╭──

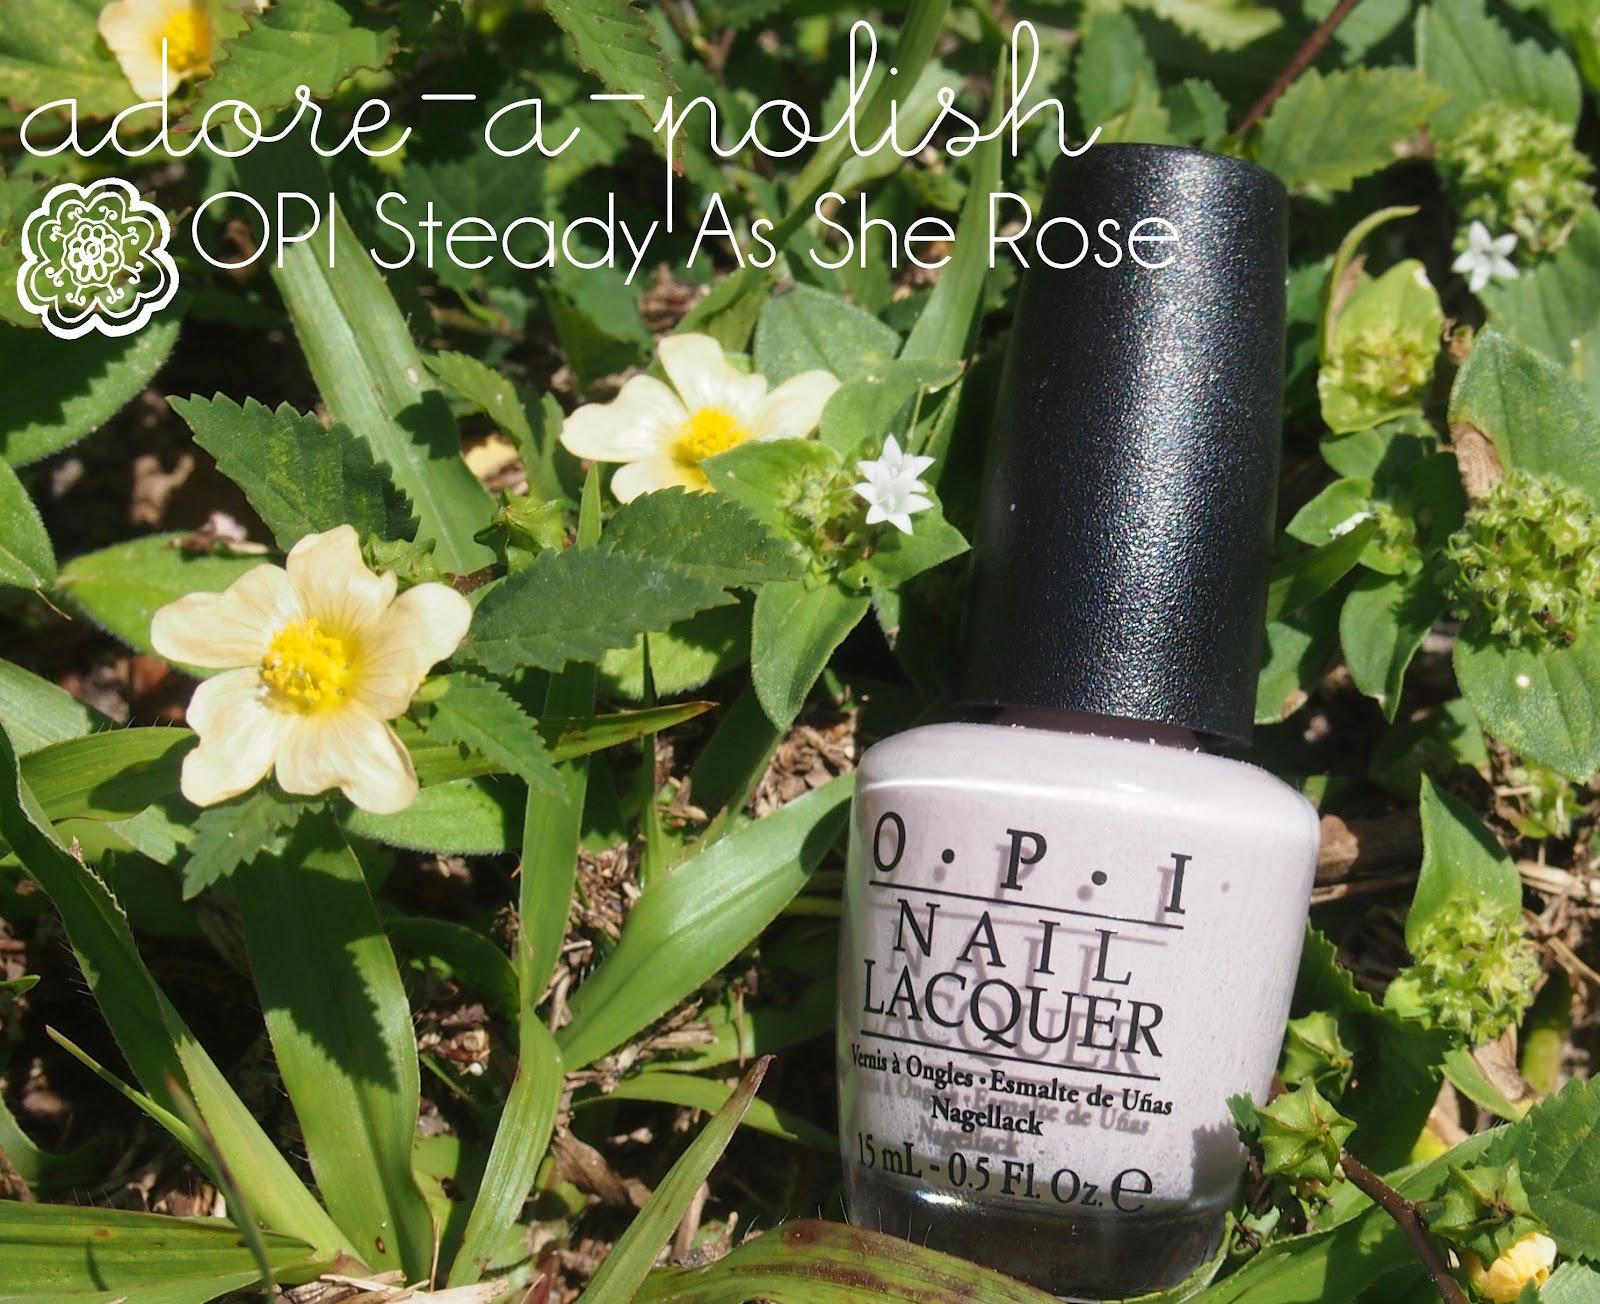 OPI Steady As She Rose - Adore A Polish: A simple beauty blog
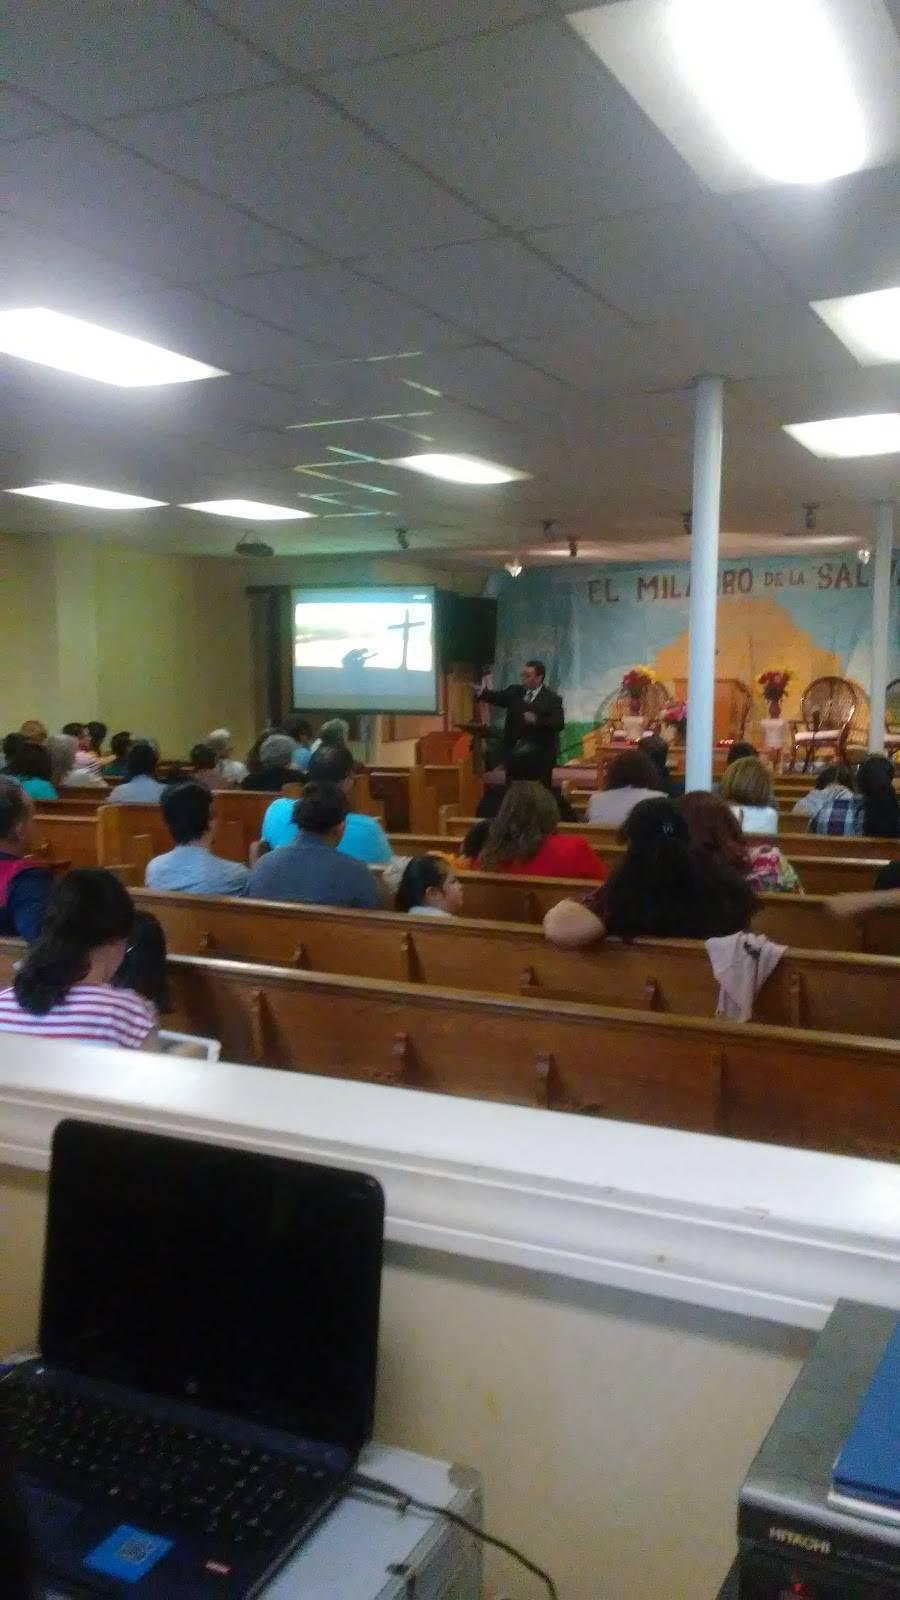 Detroit Cavalry Spanish SDA Church - church  | Photo 7 of 10 | Address: 1227 Cavalry St, Detroit, MI 48209, USA | Phone: (313) 842-2730
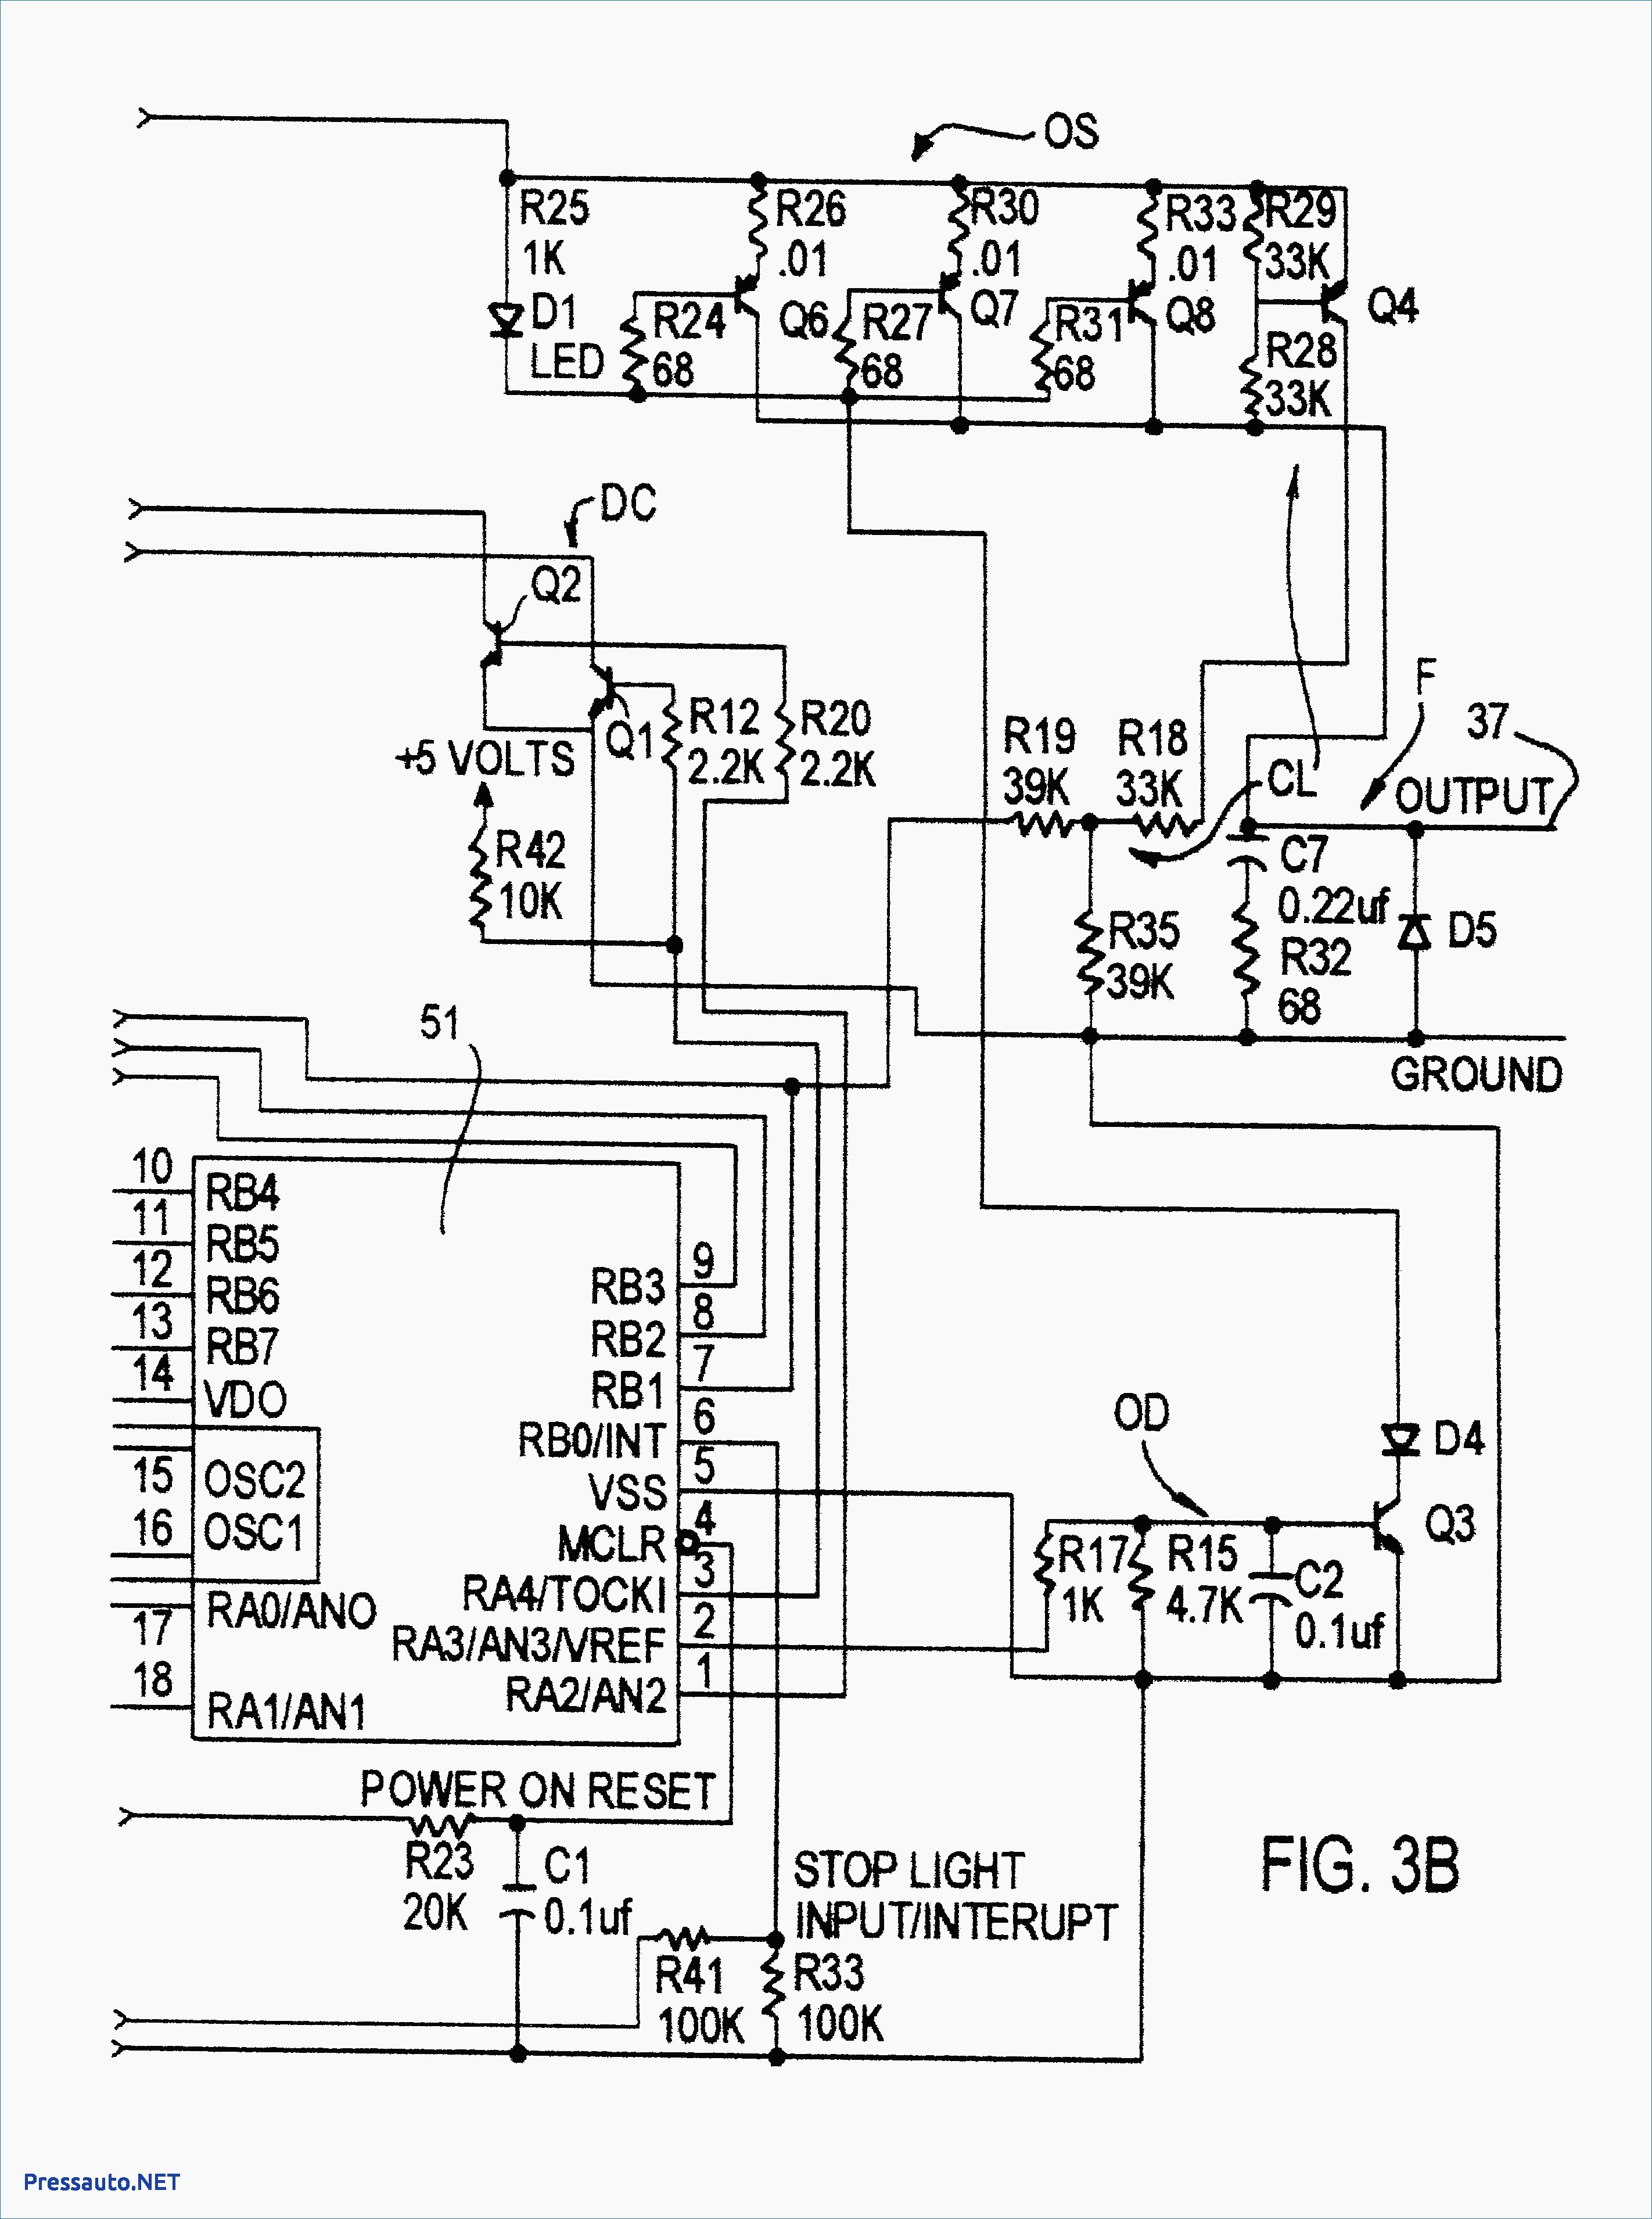 Wiring Diagram Electric Trailer Brake Control Pressauto NET At Controller
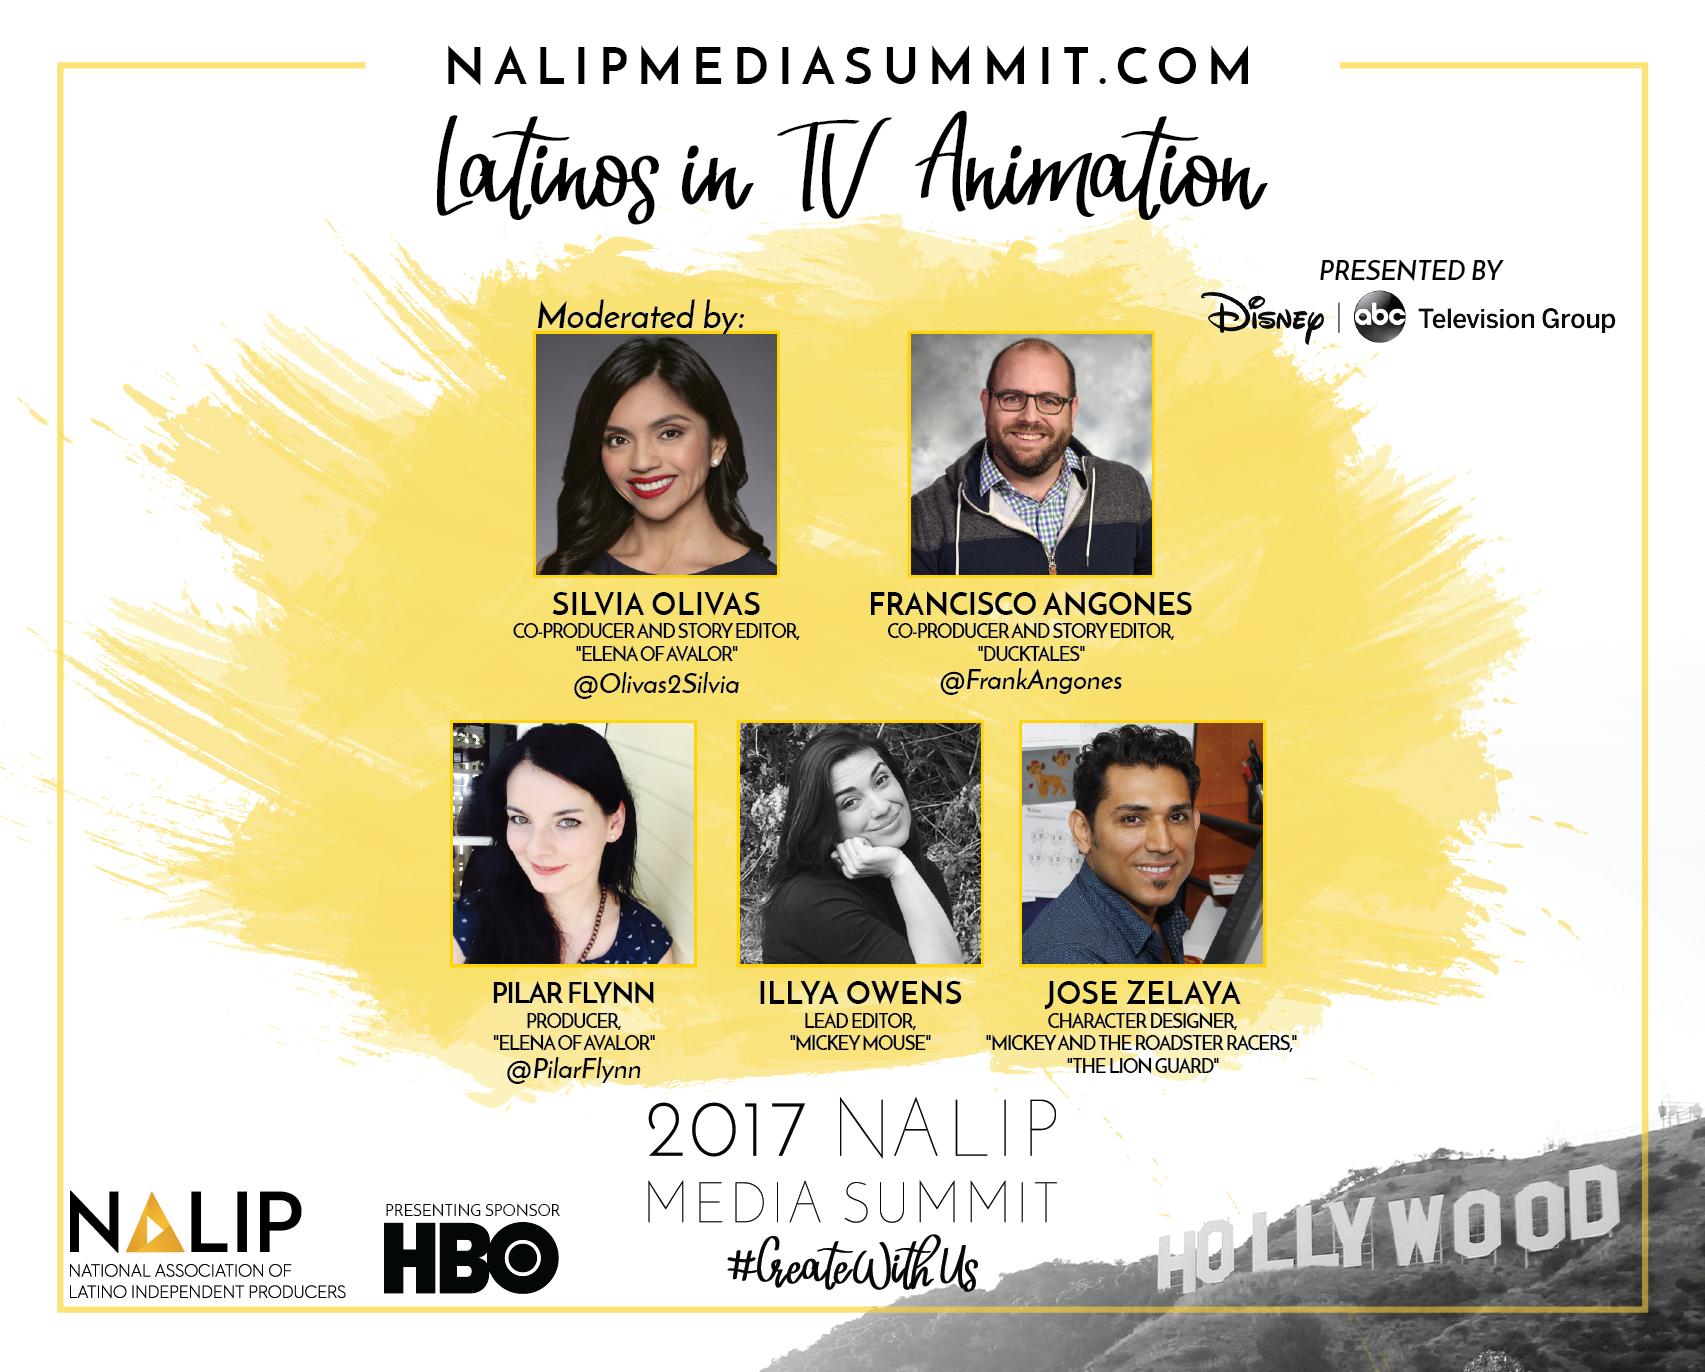 NALIP Announces Disney ABC Television Group Media Summit Panel

╰──

What you should do: Nothing but the lines from the start of the listing through the line with "Wiring Diagram Electric" belongs in the answer, each one retyped exactly and without pictures.

Solution to the problem:
 OPI Steady As She Rose - Adore A Polish: A simple beauty blog
 Detroit Cavalry Spanish SDA Church - church  | Photo 7 of 10 | Address: 1227 Cavalry St, Detroit, MI 48209, USA | Phone: (313) 842-2730
 Wiring Diagram Electric Trailer Brake Control Pressauto NET At Controller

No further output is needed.